• [Your assignment] Give the listing again word for word. Skip the pictures.

• [Information shown]
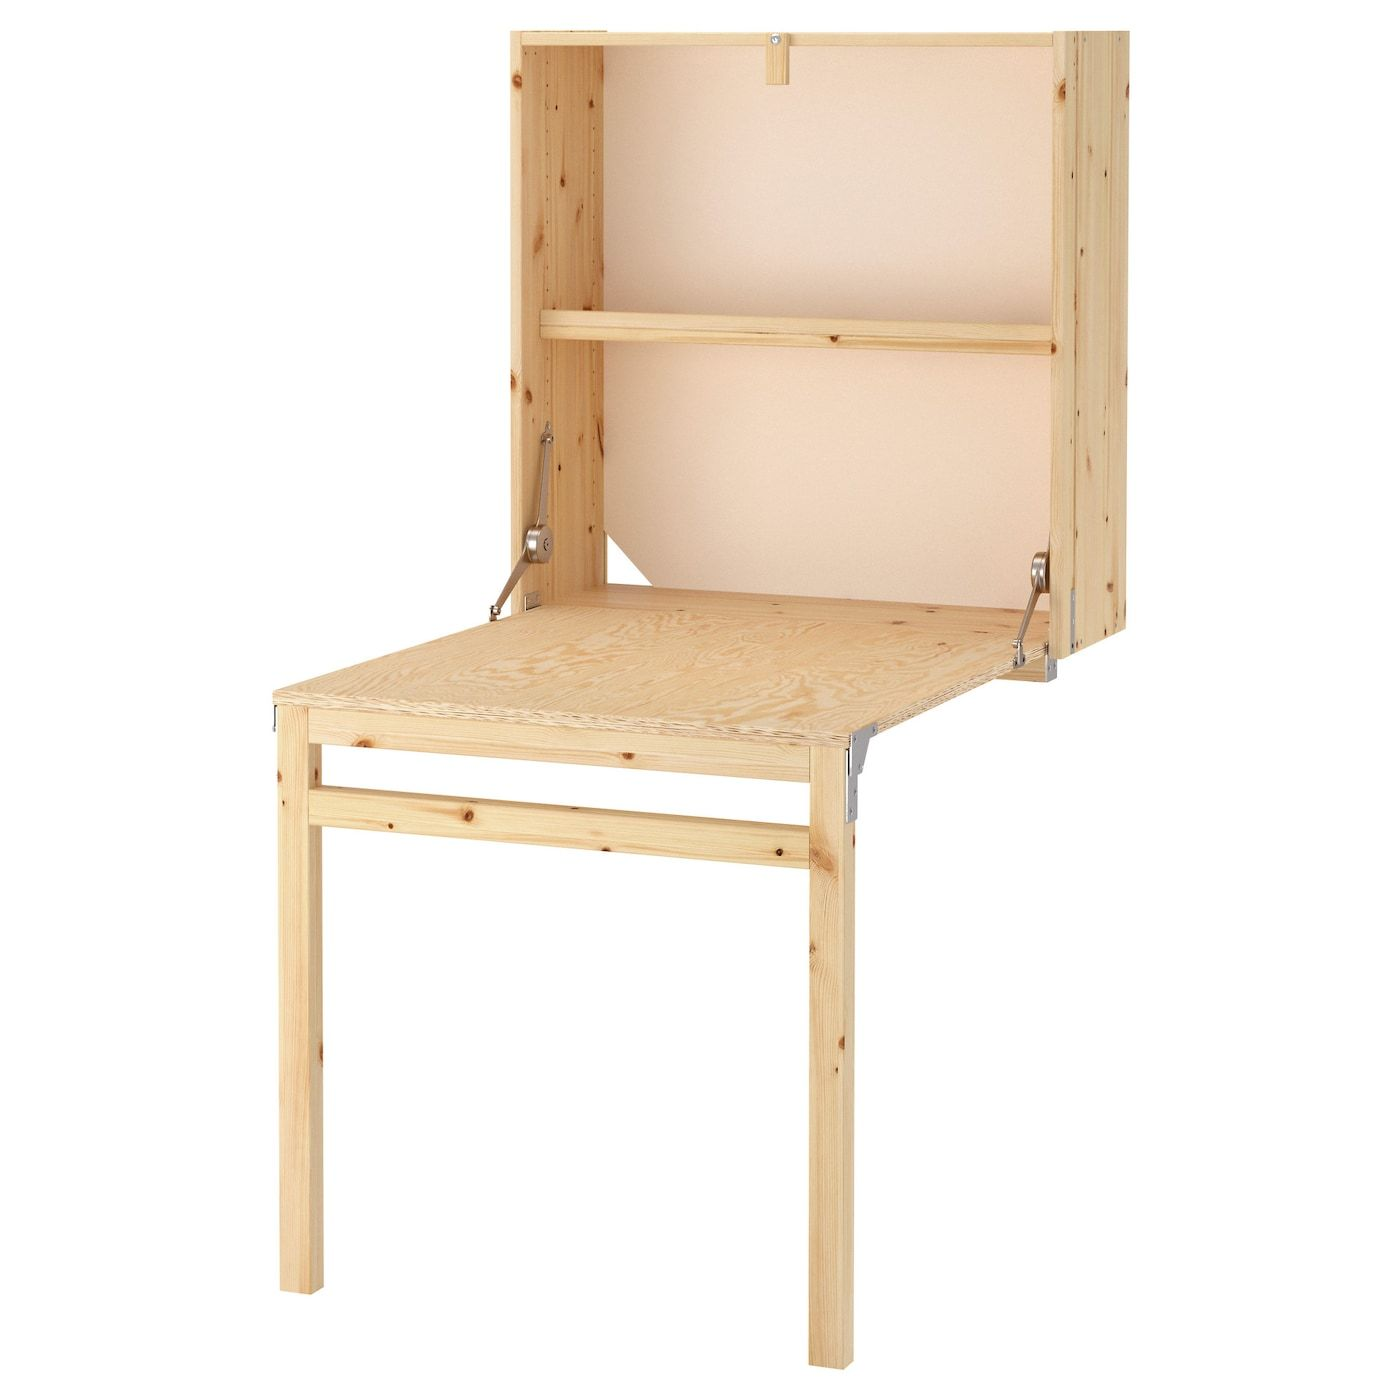 Ivar Storage Unit With Foldable Table Pine Ikea In 2020 Foldable Table Ikea Ikea Ivar
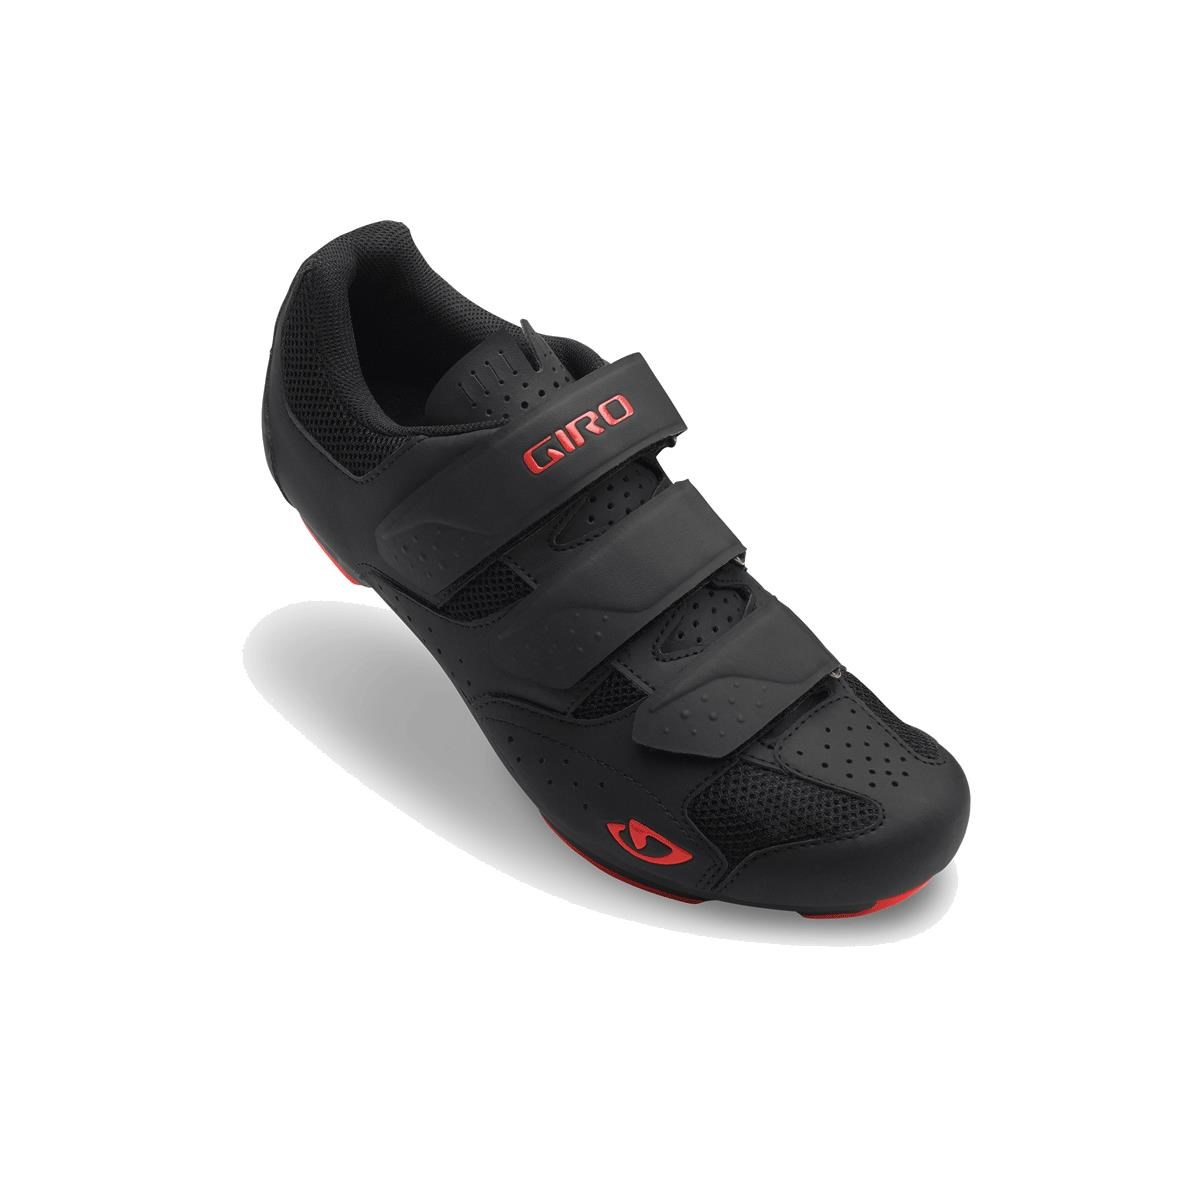 Rev Road Cycling Shoes
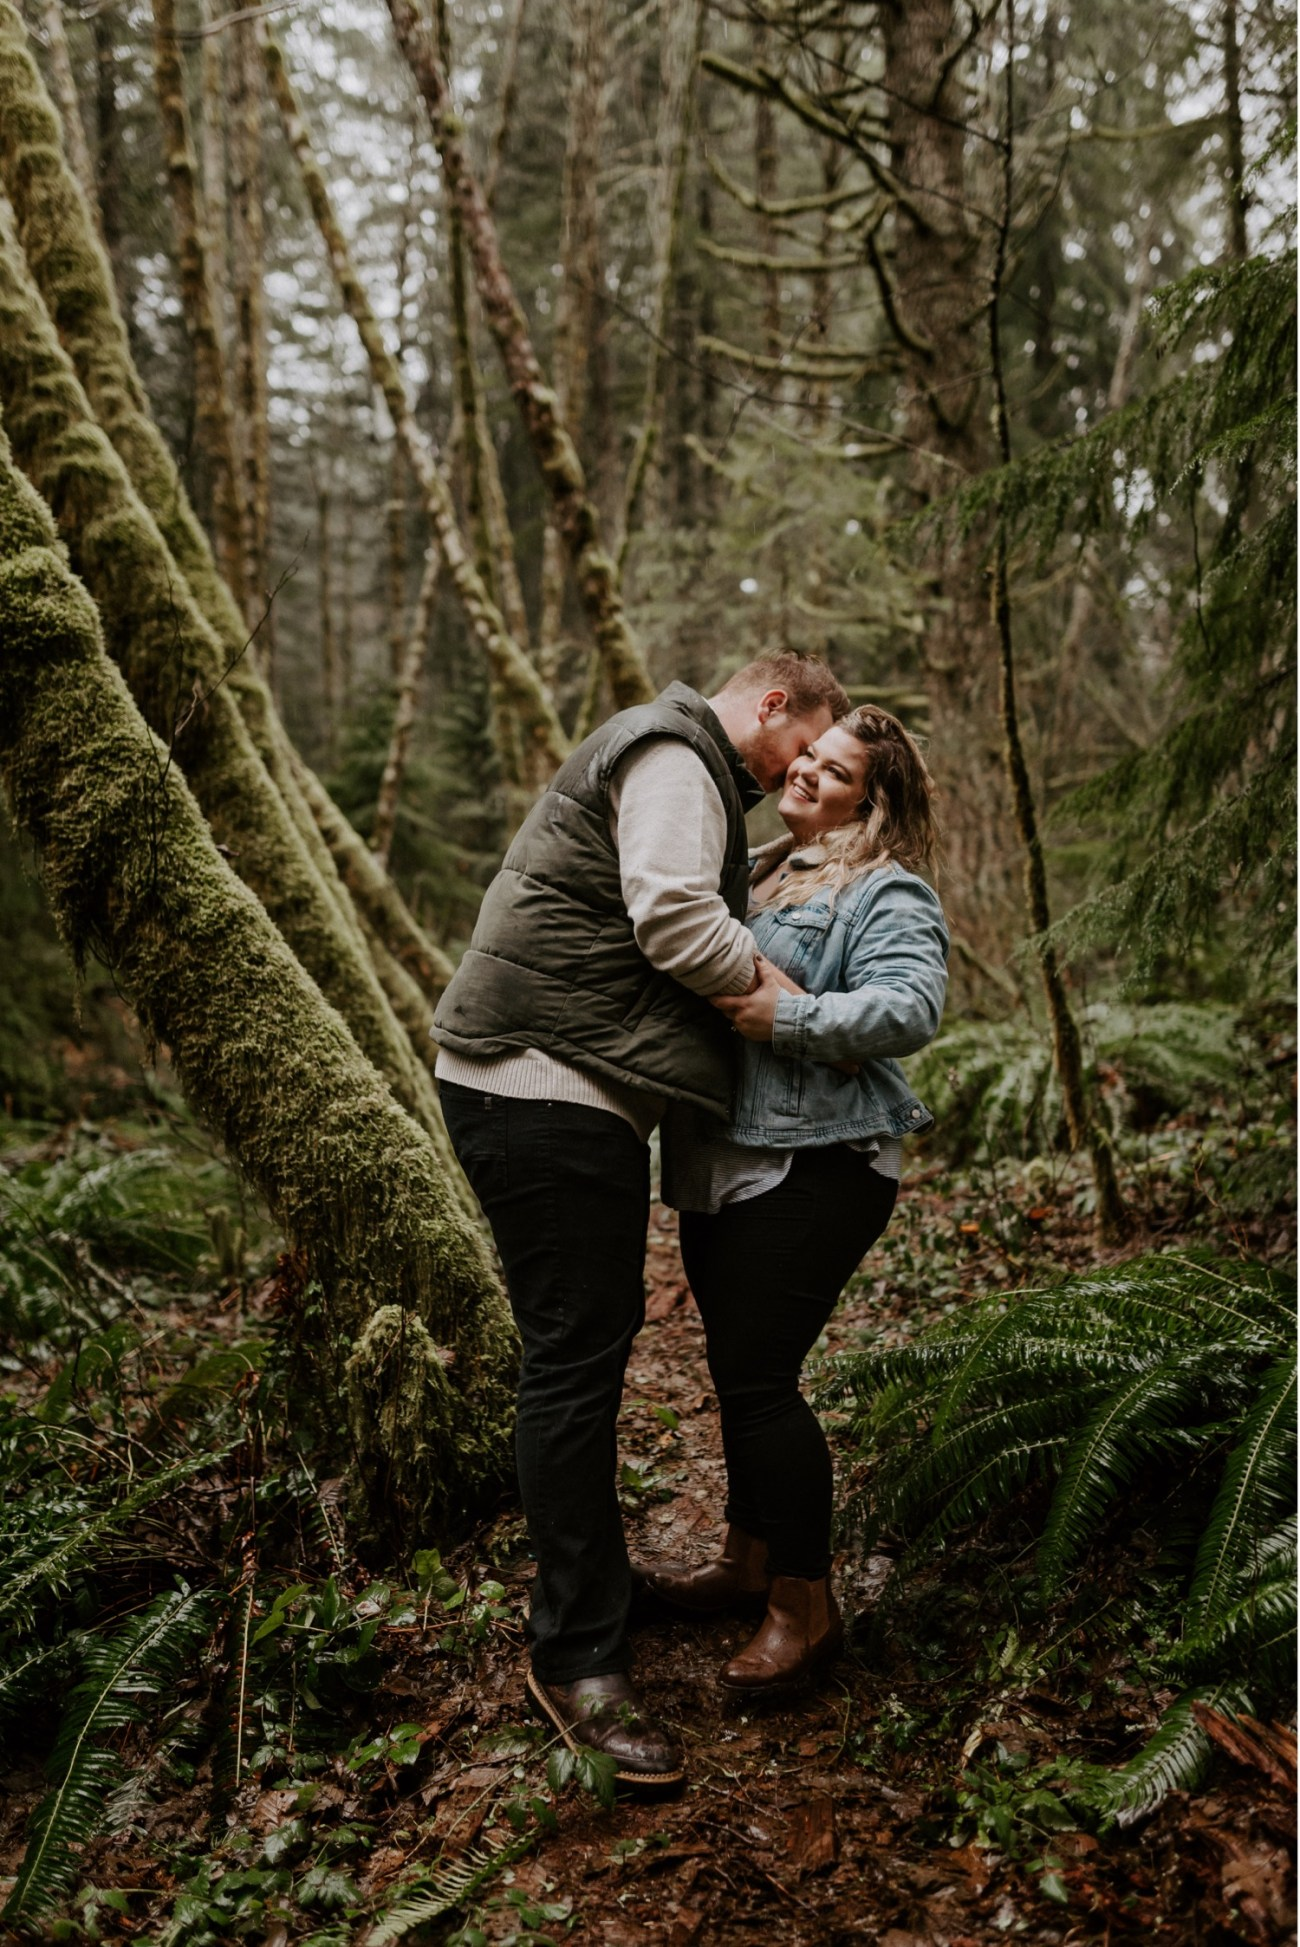 Mt Hood Engagement Photos Oregon Wedding Photographer Portland Elopement Photographer Anais Possamai Photography352
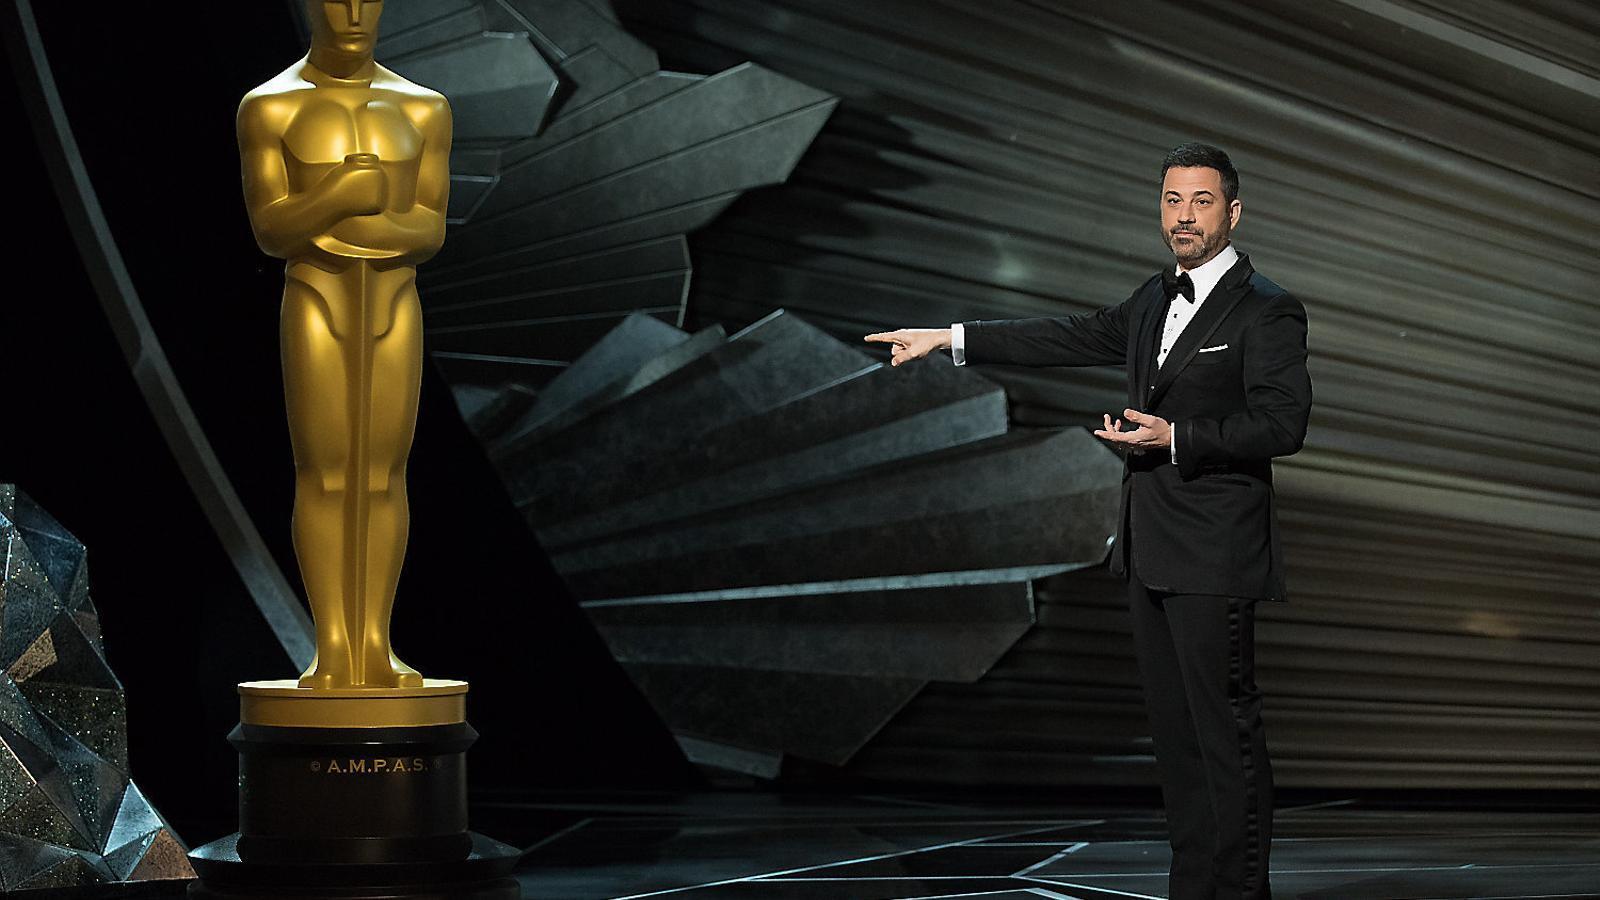 L'Oscar al film popular, una idea impopular a Hollywood

• [Solution to the exercise]
 Ivar Storage Unit With Foldable Table Pine Ikea In 2020 Foldable Table Ikea Ikea Ivar
 Rev Road Cycling Shoes
 Mt Hood Engagement Photos Oregon Wedding Photographer Portland Elopement Photographer Anais Possamai Photography352
 L'Oscar al film popular, una idea impopular a Hollywood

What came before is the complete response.